A total of 27,140 non-synonymous variants were included in the association analysis for nine T2D-related metabolite levels to identify potentially functional variants, which may have causal effects after genotype quality control. A Manhattan plot summarizing the association analysis of all non-synonymous variants with respect to T2D-related metabolites is presented with chromosomal positions (x-axis) and the negative logarithm of P-values (y-axis) for each variant (Figure 1). We identified two non-synonymous variants that were significantly associated with T2D-related metabolites using a linear regression analysis controlling for age, sex, BMI, and T2D status as covariates (P<2.05 × 10−7, Table 3). These variants were located in the coding regions of two genes, CPS1 (rs1047883) and CYP4F2 (rs2108622). A common variant of the CPS1 gene, rs1047883 (MAF = 0.470) was significantly associated with the glycine level (P=2.13 × 10−8). The A allele of rs1047883, inducing an amino acid change from alanine to threonine (Ala350Thr), was correlated with a decreased level of glycine (β = −0.155). A CYP4F2 variant, rs2108622 (MAF = 0.325), was associated with PC ae C36:0 levels (P=8.19 × 10−13). The A allele of the variant causing a change in the amino acid sequence from valine to methionine (Val433Met) was associated with an increase in PC ae C36:0 levels (β = 0.213). Predictions of functional significance of the non-synonymous variants based on SIFT and Polyphen software were obtained from gnomAD. Results from both of the two predictions indicate that rs2108622 (predicted as ‘deleterious’ in SIFT and ‘probably damaging’ in Polyphen) may be a pathogenic variant (Table 3). In contrast, the rs1047883 was predicted to yield moderate effect (predicted as ‘tolerated’ in SIFT and ‘benign’ in Polyphen). The top five non-synonymous variants associated with the nine T2D-metabolites are listed in Supplementary Table S1.

Table 3
Significant associations between non-synonymous variants and T2D-related metabolites in KARE cohort (P<2.05 × 10−7)*
Metabolites§ SNP Gene Chr Location Alleles Amino acid change MAF β P-value Predicted functional effects 
          SIFT Polyphen 
Glycine rs1047883 CPS1 211456637 G/A Ala350Thr 0.470 −0.155 2.13E-08 Tolerated Benign 
PC ae C36:0 rs2108622 CYP4F2 19 15990431 G/A Val433Met 0.325 0.213 8.19E-13 Deleterious Probably damaging 
Metabolites§ SNP Gene Chr Location Alleles Amino acid change MAF β P-value Predicted functional effects 
          SIFT Polyphen 
Glycine rs1047883 CPS1 211456637 G/A Ala350Thr 0.470 −0.155 2.13E-08 Tolerated Benign 
PC ae C36:0 rs2108622 CYP4F2 19 15990431 G/A Val433Met 0.325 0.213 8.19E-13 Deleterious Probably damaging 
*

Threshold for significance has been adjusted for Bonferroni correction (P<0.05/[number of SNPs × number of T2D-related metabolites]).
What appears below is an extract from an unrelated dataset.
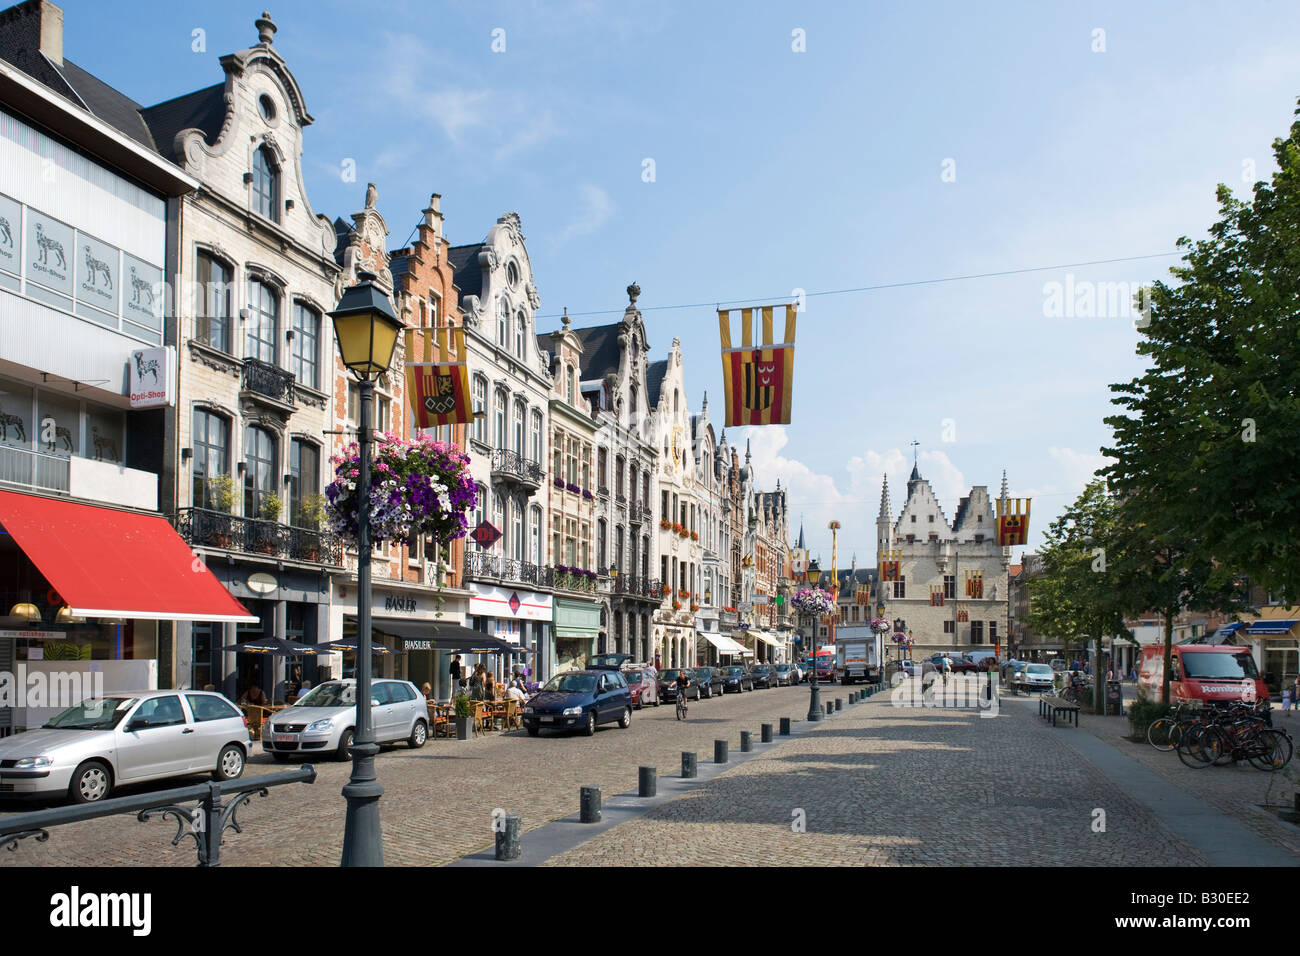 Negozi su Ijzerenleen nel centro della città vecchia, Mechelen, Belgio Foto Stock

The allele of each non-synonymous variant is indicated as ‘major allele/minor allele’.

§

PC ae C36:0, phosphatidylcholine acyl-alkyl C36:0.

Linkage disequilibrium status of non-synonymous variants associated with T2D-related metabolites

Regional plots for the two non-synonymous variants that were significantly associated with T2D-related metabolites are presented in Figure 2. Each variant is plotted according to chromosomal position (x-axis) and negative logarithm of the P-value (y-axis). Recombination rates in the flanking region of each variant, indicated as blue peaks in the figure, were predicted to reflect linkage disequilibrium (LD) structures based on the 1000 Genomes Asian database. No LD was observed in the flanking region of each variant, suggesting that the associations of these variants with T2D-related metabolites are independent of proxy variants.

Regional plots for two significantly associated non-synonymous variants with T2D-related metabolites

Figure 2
Regional plots for two significantly associated non-synonymous variants with T2D-related metabolites

Variants are plotted by position on chromosome (x-axis) and log-scaled P-value (y-axis). The rs numbers for the most significant non-synonymous variants are shown on the plots. Recombination rates estimated based on 1000Genomes database are plotted in blue color to reflect local LD structure. The variants near the most significant markers are colored according to LDs between them (taken from pairwise r2 values from the 1000Genomes Asian database). Genes, the position of exons and the direction of transcription are also plotted.

Figure 2
Regional plots for two significantly associated non-synonymous variants with T2D-related metabolites

Variants are plotted by position on chromosome (x-axis) and log-scaled P-value (y-axis). The rs numbers for the most significant non-synonymous variants are shown on the plots. Recombination rates estimated based on 1000Genomes database are plotted in blue color to reflect local LD structure. The variants near the most significant markers are colored according to LDs between them (taken from pairwise r2 values from the 1000Genomes Asian database). Genes, the position of exons and the direction of transcription are also plotted.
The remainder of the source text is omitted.